Step 3: Split Data into Customers and Orders

# Extract unique customers
customers_df = df[['customer_id', 'customer_name', 'contact_name', 'country']].drop_duplicates()
 
# Extract orders
orders_df = df[['order_id', 'order_date', 'customer_id', 'amount']]

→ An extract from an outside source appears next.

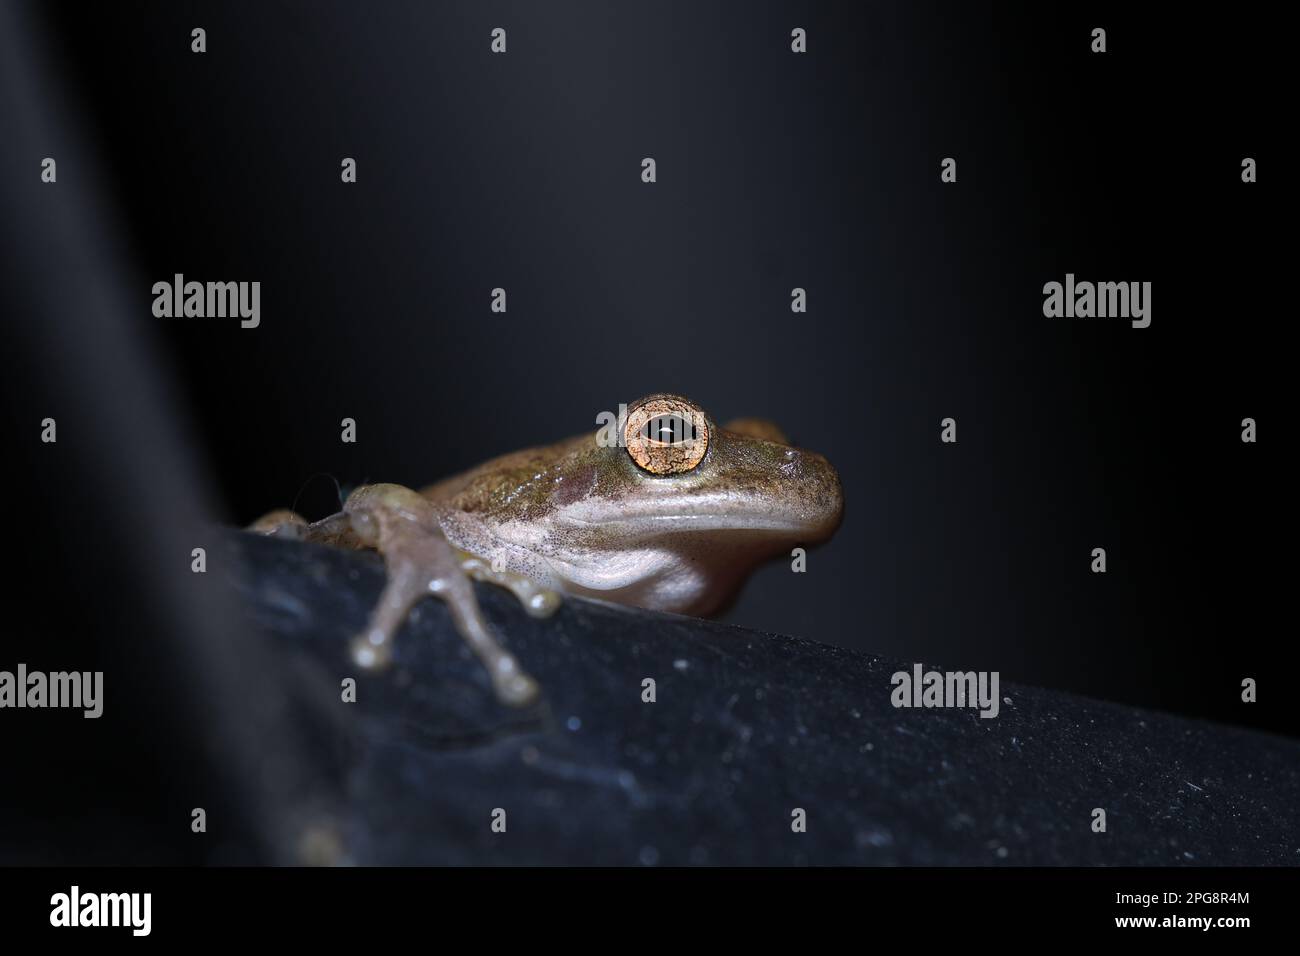 A green frog perched on the edge of a dark surface against a dark background Stock Photo

Step 4: Create Tables with Foreign Keys in SQLite

# Connect to SQLite database (or create it)
conn = sqlite3.connect('data.db')
cursor = conn.cursor()
 
# Enable foreign key support
cursor.execute("PRAGMA foreign_keys = ON")
 
# Create 'customers' table
cursor.execute('''
CREATE TABLE IF NOT EXISTS customers (
    customer_id INTEGER PRIMARY KEY,
    customer_name TEXT NOT NULL,
    contact_name TEXT,
    country TEXT
)
''')
 
# Create 'orders' table with a foreign key referencing 'customers'
cursor.execute('''
CREATE TABLE IF NOT EXISTS orders (
    order_id INTEGER PRIMARY KEY,
    order_date TEXT,
    customer_id INTEGER,
    amount REAL,
    FOREIGN KEY (customer_id) REFERENCES customers (customer_id)
)
''')
 
# Commit changes
conn.commit()

Step 5: Insert Data into Tables

# Insert data into 'customers' table
customers_df.to_sql('customers', conn, if_exists='append', index=False)
 
# Insert data into 'orders' table
orders_df.to_sql('orders', conn, if_exists='append', index=False)
 
# Commit changes and close the connection
conn.commit()
conn.close()

Verification: Ensure Foreign Key Relationships

conn = sqlite3.connect('data.db')
cursor = conn.cursor()
 
# Query to check if all customer_id in orders table exist in customers table
cursor.execute('''
SELECT order_id
FROM orders
WHERE customer_id NOT IN (SELECT customer_id FROM customers)
''')
 
invalid_orders = cursor.fetchall()
conn.close()
 
if invalid_orders:
    print("Invalid foreign key references found:", invalid_orders)
else:
    print("All foreign key references are valid.")